All five tracks boast a flurry of skewed, angular guitar riffs that characterised much of the late 80’s DC scene whilst the lead shouter sports the kind of gobby, everyman-accented vocal delivery that harks back to the days when punk was at its most subversive, outwardly obnoxious and overtly anti-authoritarian. It’s resplendent in blasts of feedback and an uncompromisingly raw production style that would get Steve Albini a little hot under the collar. ‘This Is How To Start Fires’ is a savage opener, rollicking along at blistering pace with guitarists thrashing away at their long-suffering axes. Refusing to stop their unrelenting furore until the closing squeals of feedback at the tail end of ‘International Currencies’, New Alaska come across like noise rockers Unwound reeling off Minor Threat covers. You can almost smell the stale beer of toilet venues flowing through the speakers as they deliver their collections of tumultuous barrages in quick succession, without the slightest pause for breath.

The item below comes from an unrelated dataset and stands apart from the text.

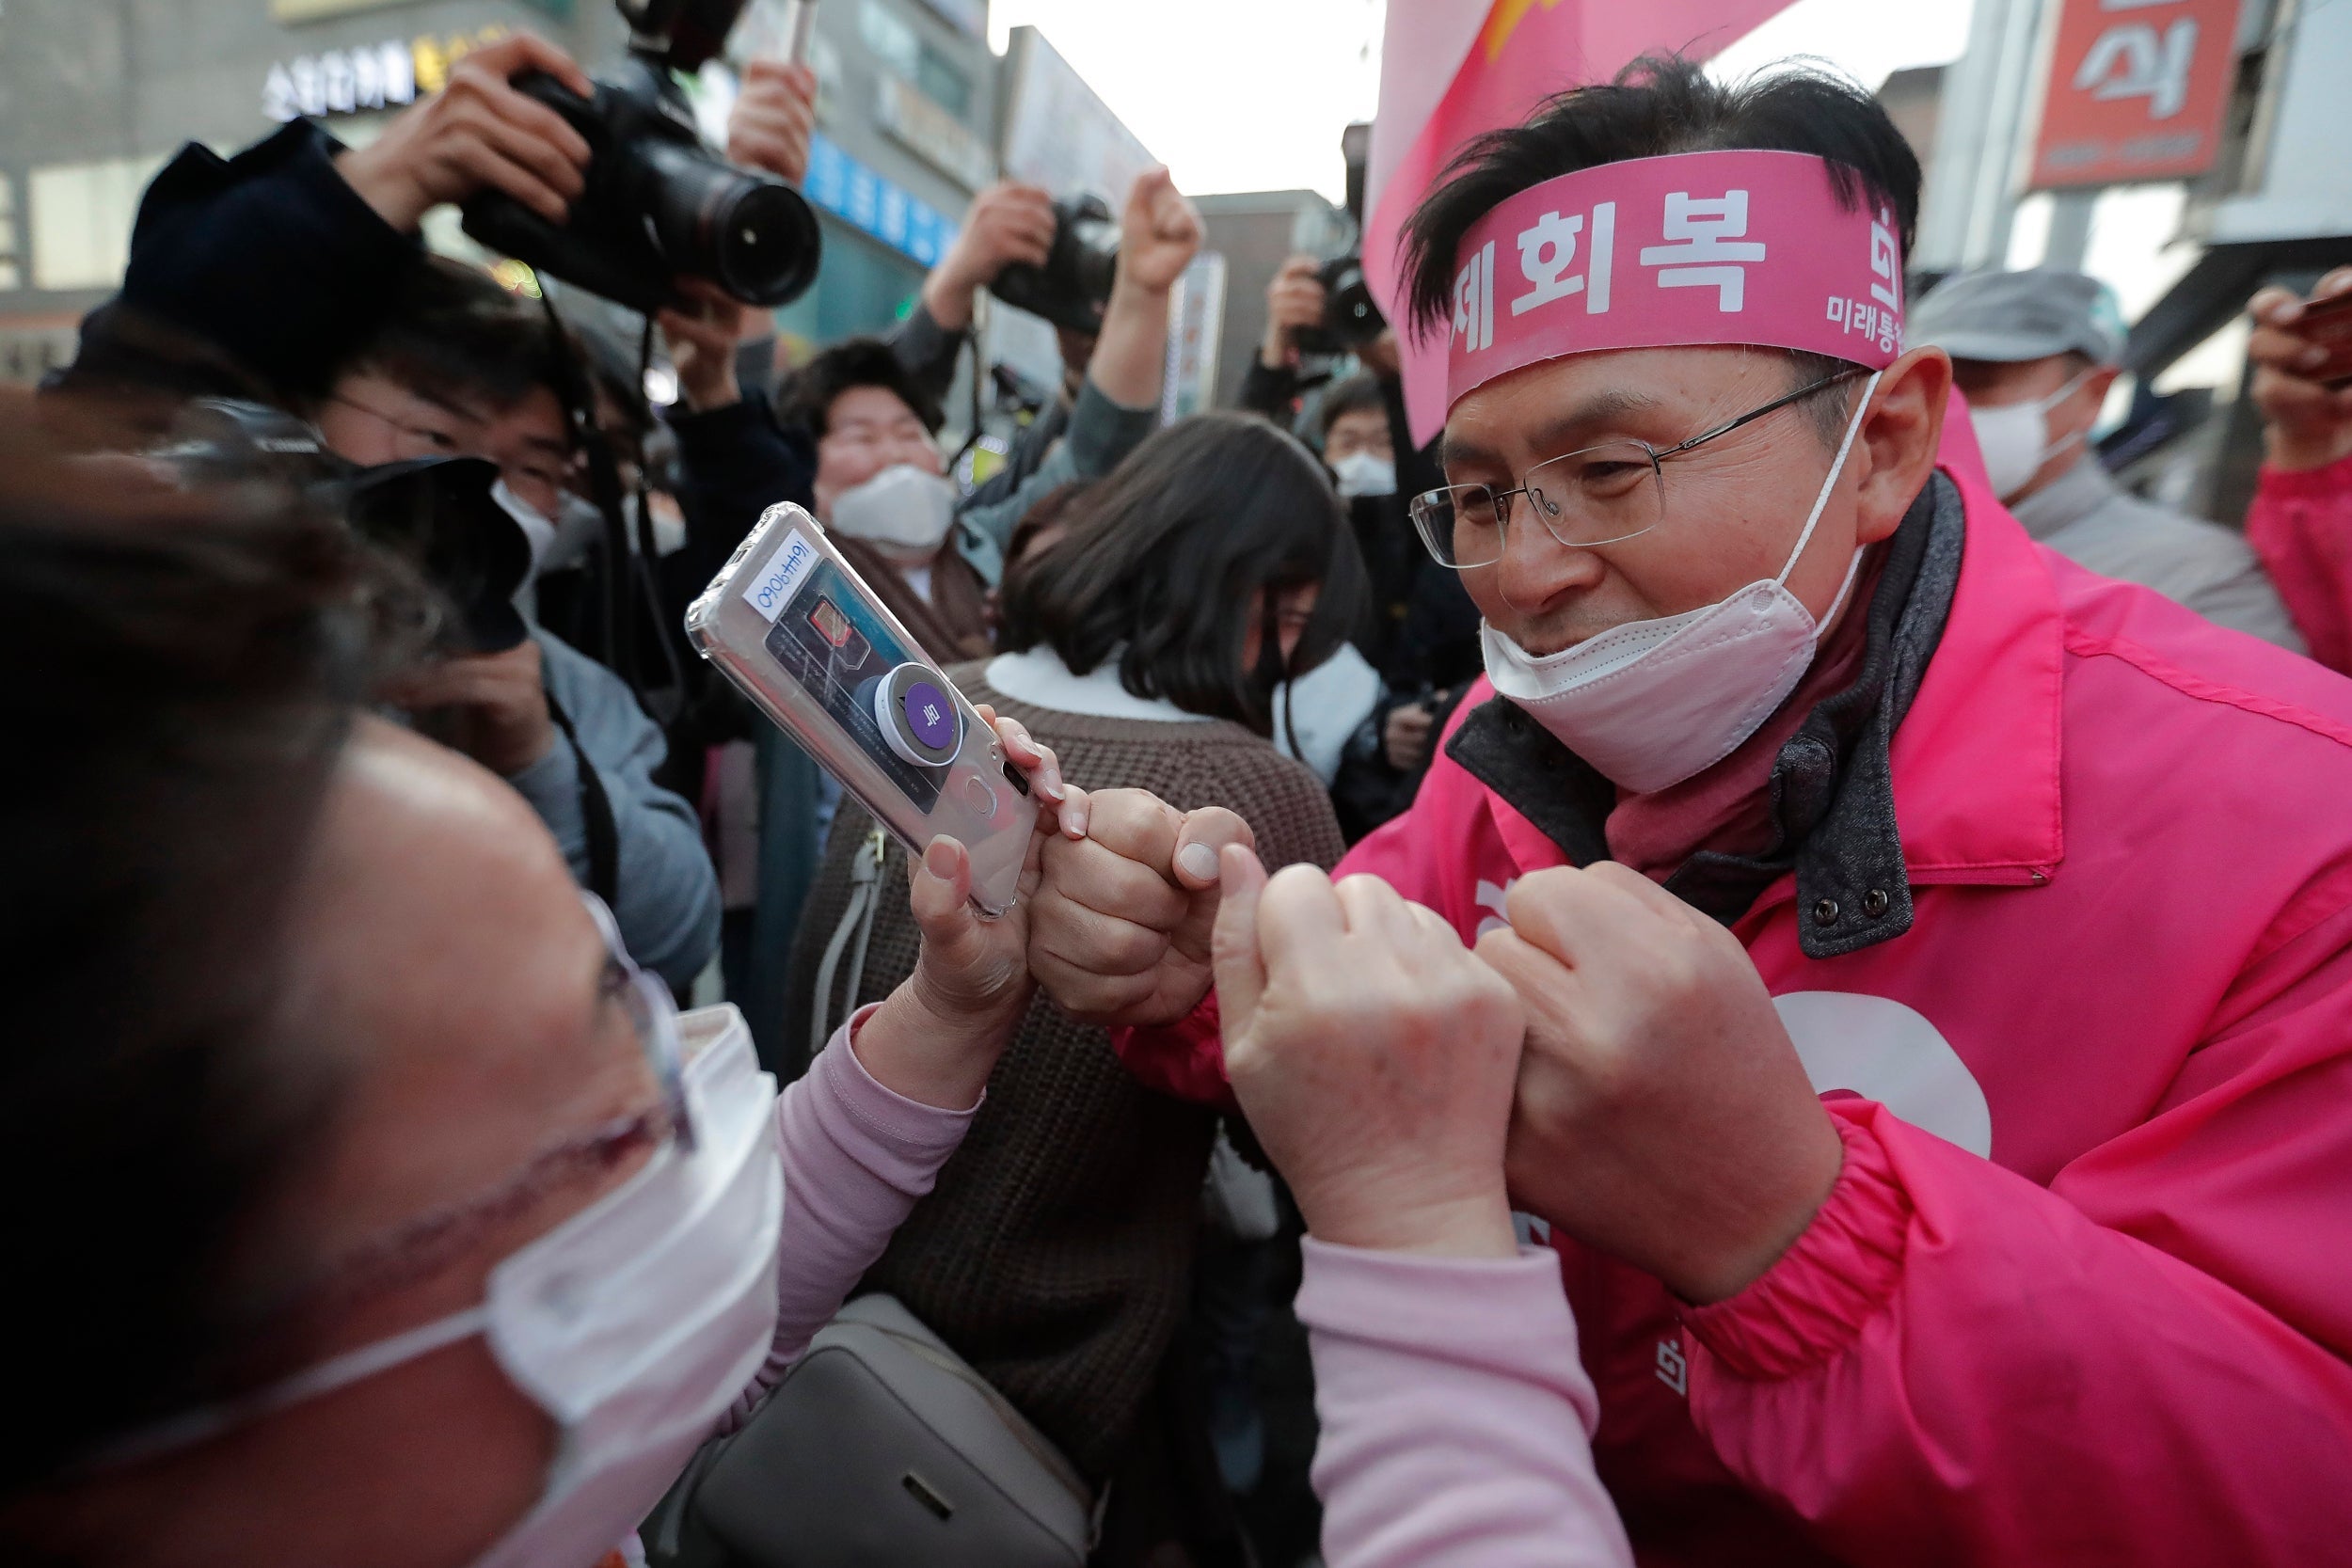 The main opposition United Future Party's candidate Hwang Kyo-ahn, right, is greeted by a supporter during campaigning on Tuesday

The Memoir Songs is a brilliant, no holds barred reworking of off-kilter DC punk played at a furious and commendable pace. It would fit snuggly amongst the classic Dischord catalogue, in fact it sounds as though it was recorded in the legendary basement of Dischord house rather than the confines of Stourbridge. It’s as earnest and pure as any punk record you’re likely to find. A little caustic beaut.

4 out of 5 high fives!

Review: Of Us Giants – Nova Scotia

Of Us Giants are an ambitious bunch. They may have only just dropped their debut record, Nova Scotia, but the Californian trio have their sights set on the big leagues, eyeing up the hallowed territory of Brand New’s paradoxically arena-sized intimacy. Here, you’ll find everything that usually propels a band from lower-tier act, to the top of radio playlists and the headlining slots of pop-punk package tours sponsored by energy drink companies.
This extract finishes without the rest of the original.